The Conference is still one of the most successful tricks of all ; especially when it is called a Round-Table Conference. It is a curious but indisputable fact that the average citizen imagines that some kind of spiritual alchemy transforms the ordinary shoddy professional politician into a shining demigod the moment he enters the doors of the hall where what is called a Conference is going on. Inside that room the noblest emotions and the purest motives alone can exist. In that rare air chicanery withers and hypocrisy wilts. There is oratory of the old kind. There is high rhetoric. Action is taken. Things are done. The newspapers join in a loud chorus of self- praise. The notorious public figure, rolled in the slime for so long by the cartoonists, emerges as the hero of the hour. Words are used which were once reserved for a great victory. And then you meet someone who was present at the Conference ! In a week all the exultation has died down, the " facts " have been contradicted, and the truth of the whole tangle of shabby intrigue is begin- ning to leak out. By that time everybody is interested in something else, and only the memory of the triumphant success remains. There will, then, always be a big wel- come for the next Conference. And there can be no harm in having another. Nothing will be done, and done with an air and a flourish.

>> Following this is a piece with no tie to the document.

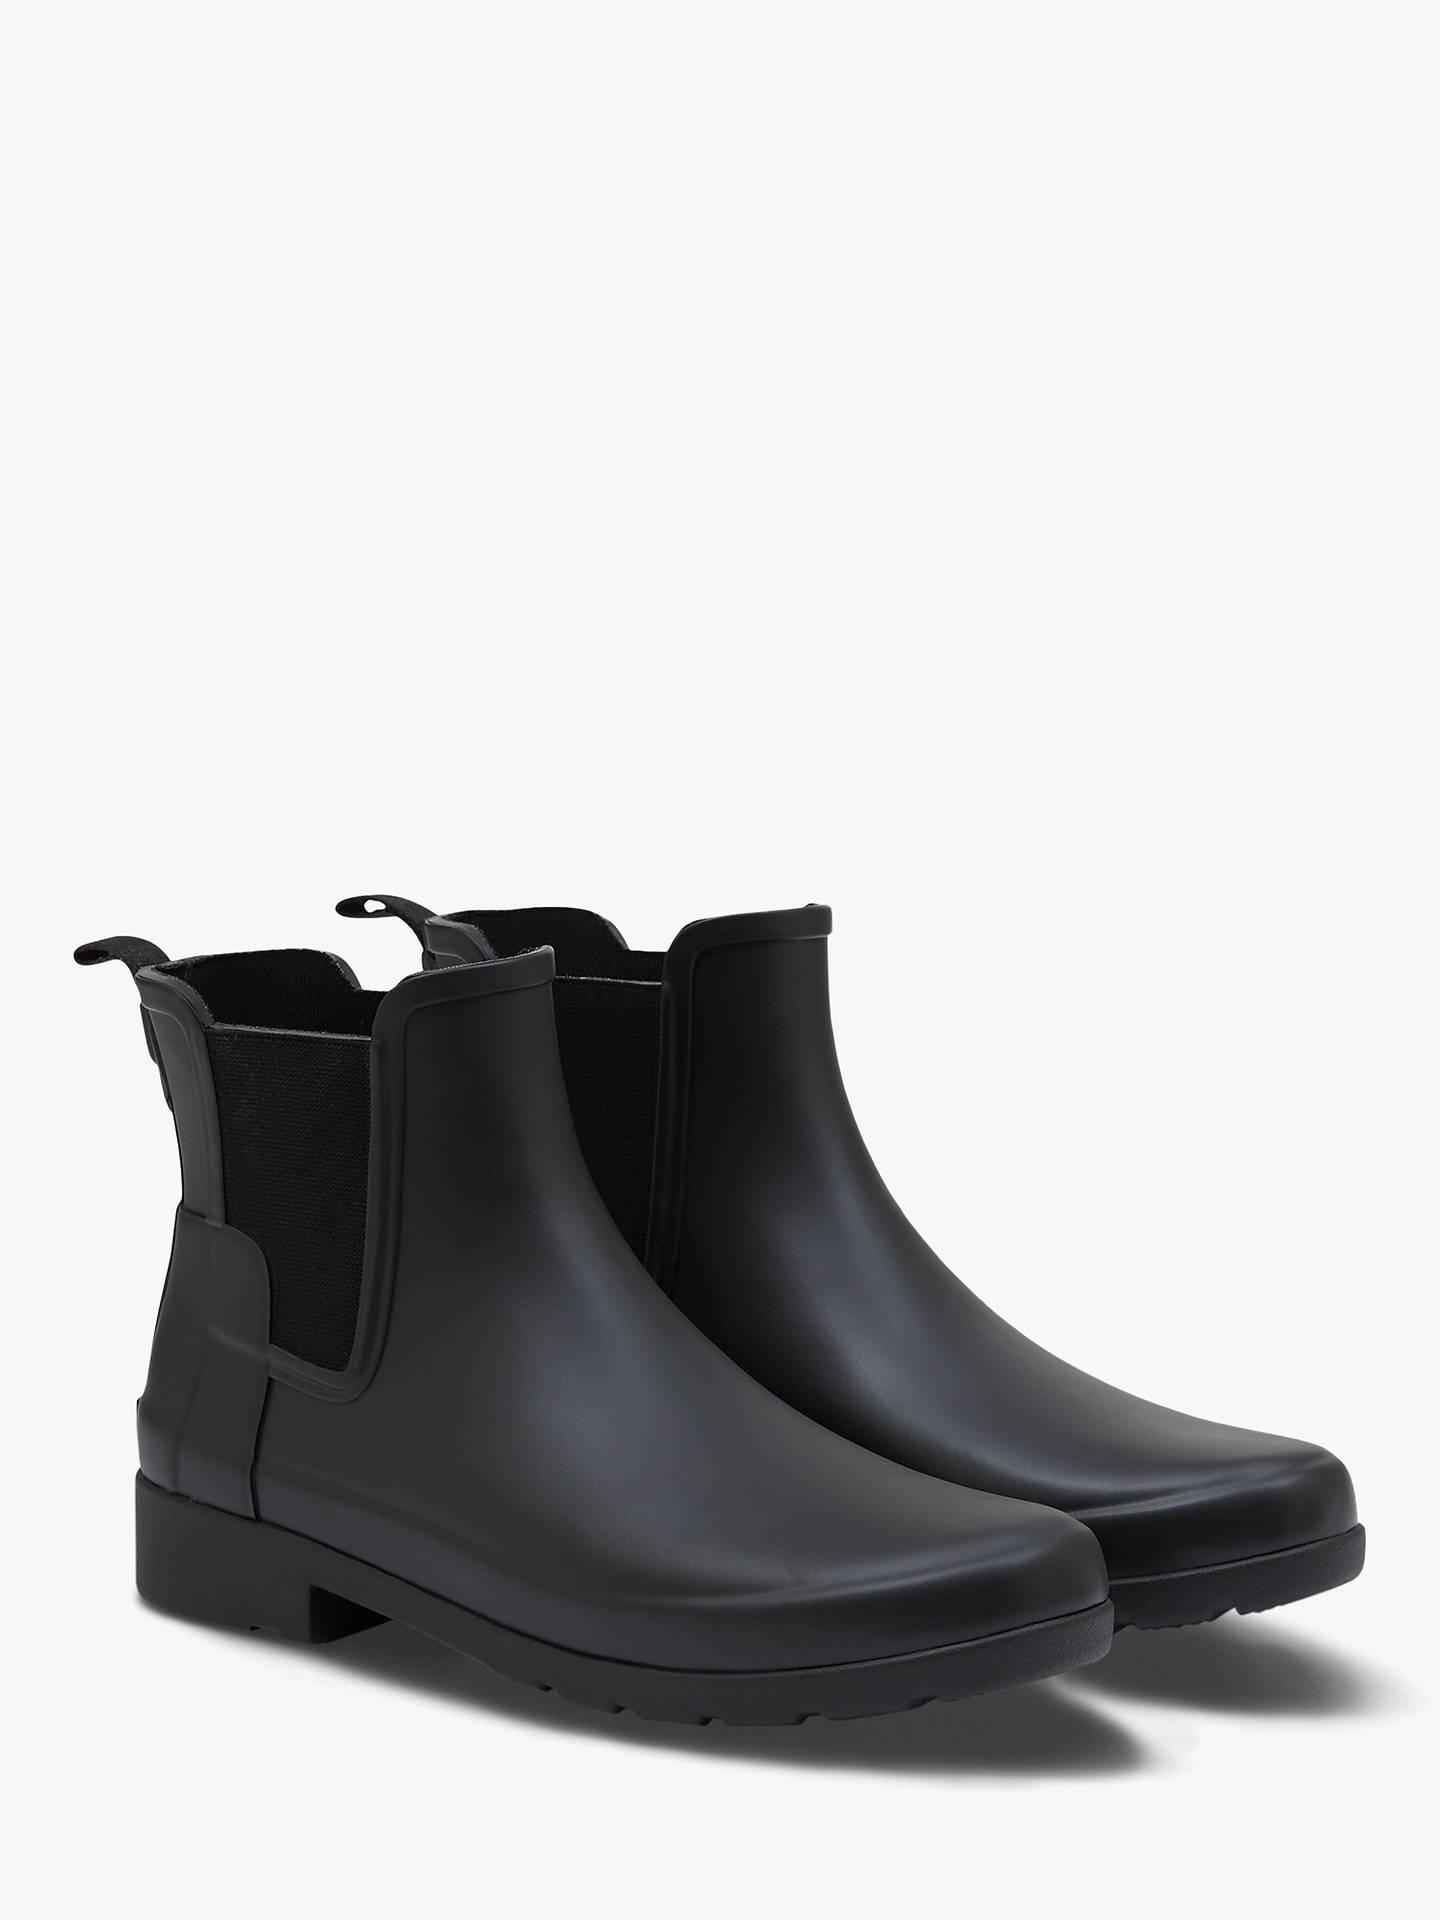 e14f1ea6242 Hunter Women's Original Waterproof Refined Chelsea Wellington Boots, Black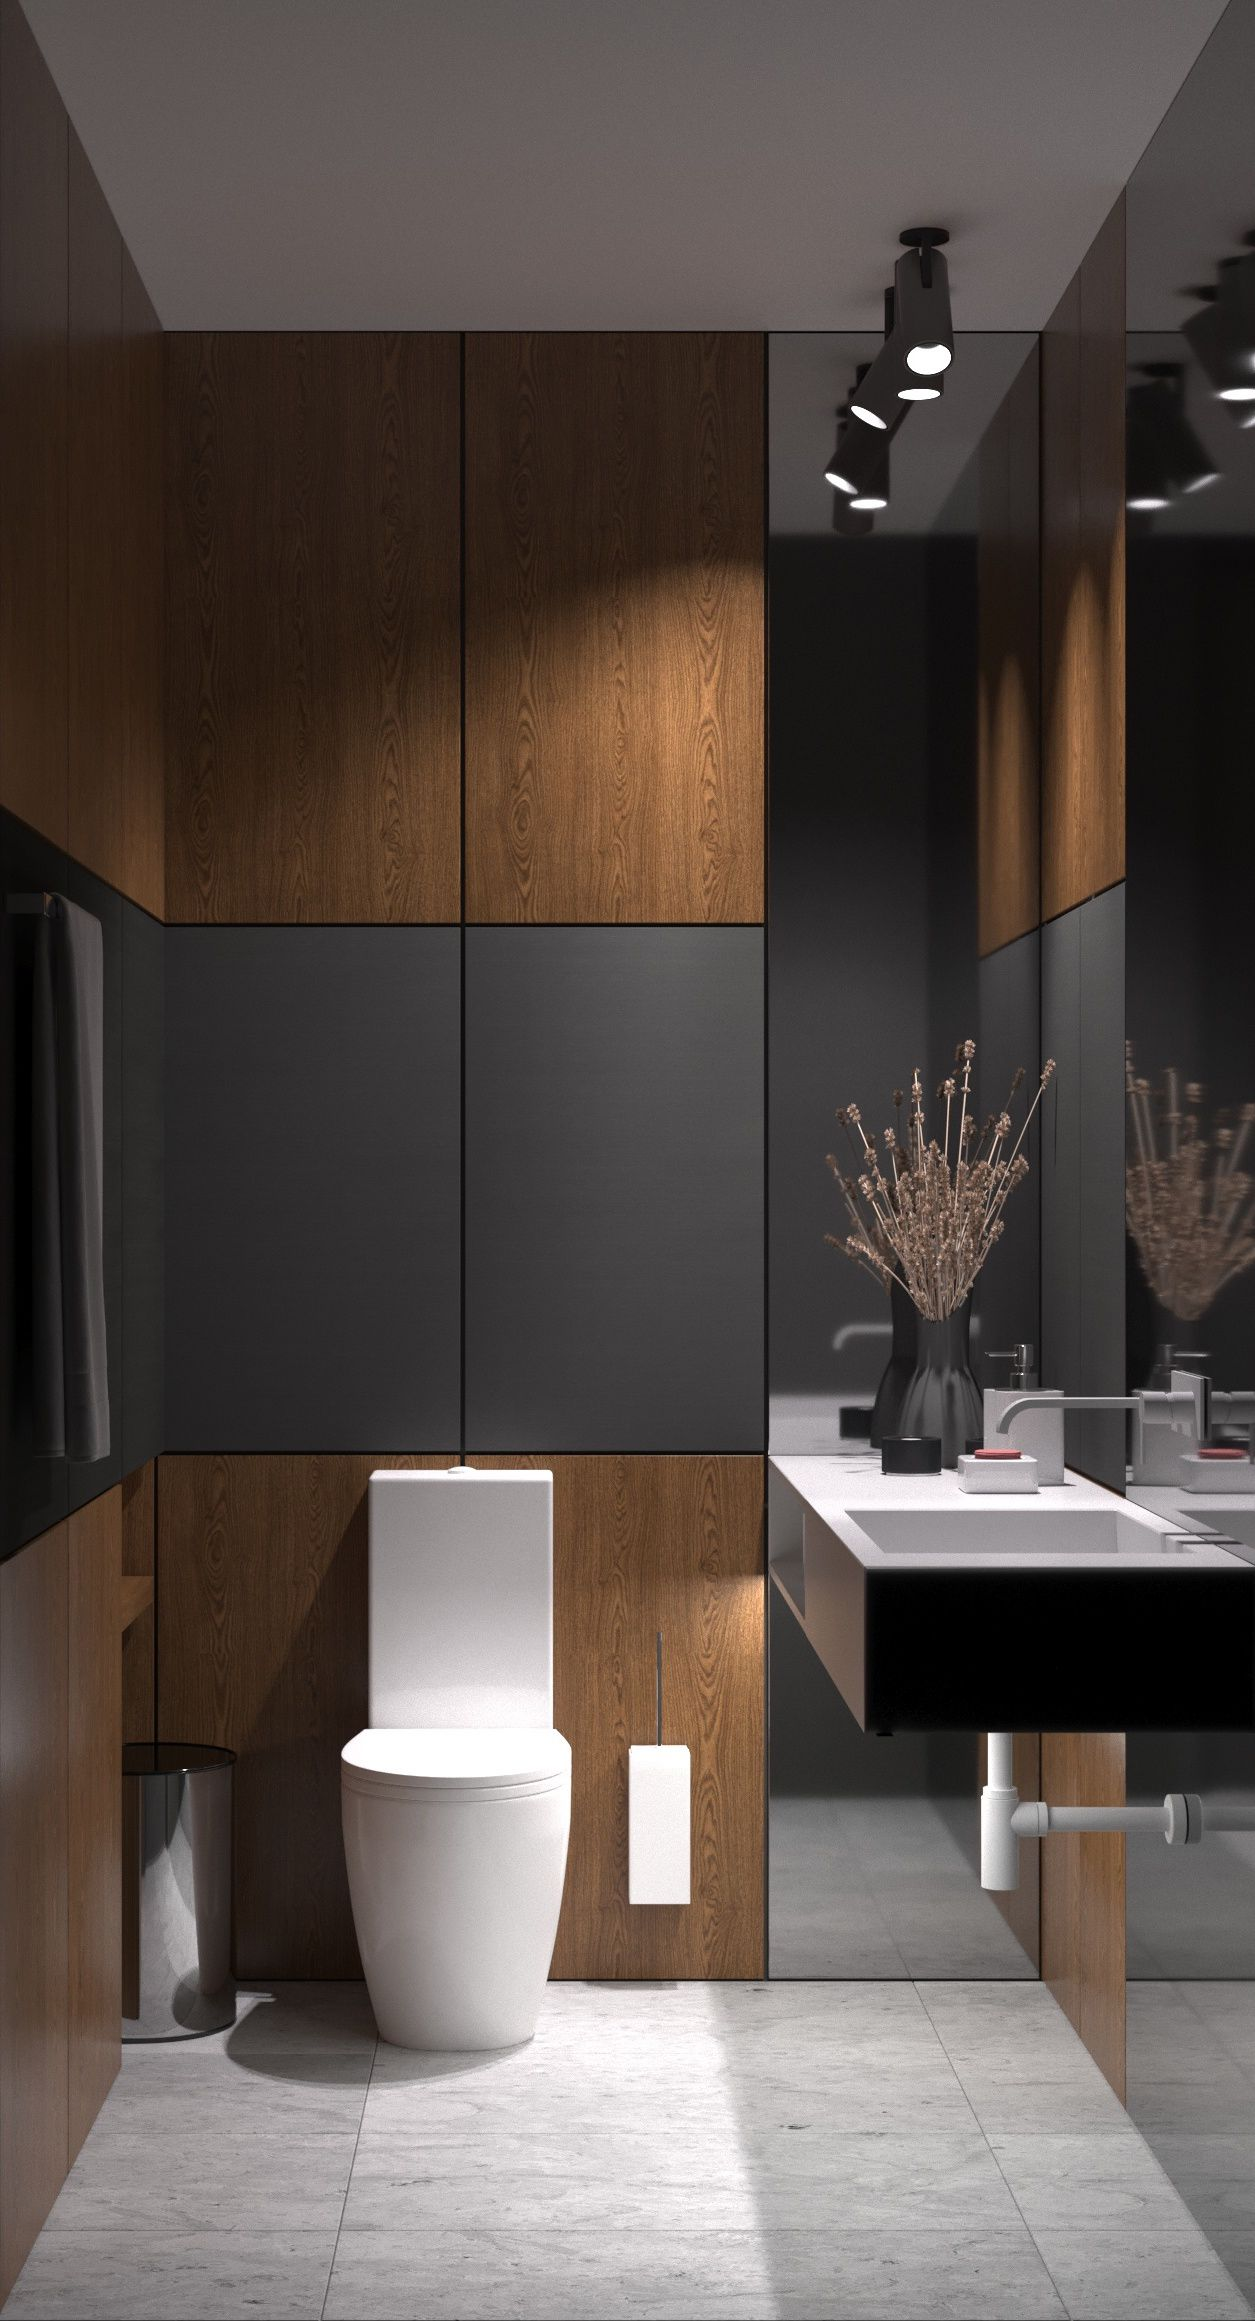 Toilet Design Small Organization Ideas

The Traffic Game is among the most entertaining. Whenever the grumbling about congestion reaches official ears, there are two replies. One is that our police are the best in the world, and so we will substitute for them a series of signals, coloured lights, bells and what-not. Tile other is that it is obviously better for all the traffic in a given area to go by the longest route to its objective, especially as one day there will be a new bridge in the neighbourhood,. and then everything will be perfectly simple. Note the insistence on that bridge ; it is the straw at which the transport authorities clutch whenever there is trouble, and for the public the mere word has a magical significance. It is like the old abracadabra, or any foolish word the conjurer uses before he produces the rabbit from the hat. . .
Another not unamusing aspect of the Traffic Game is connected with the special police patrols. When it was discovered that you do not necessarily abolish accidents by allowing people to go as fast as they like, it Was decided that other people must bring security back to the roads by going faster still. Hence the patrols on motor- bicycles. But what kind of people must they have been who believed that old women and children were being killed in country villages because motor-cars were going too slowly ?
I could extend the list of games, but anyone who reads this will be able to add to it, from his own observation of what is going on to-day. Whether it is better for a nation to be befooled, humbugged, crammed with lies and kept happy, than to be made miserable by being told the truth, I leave to others to debate.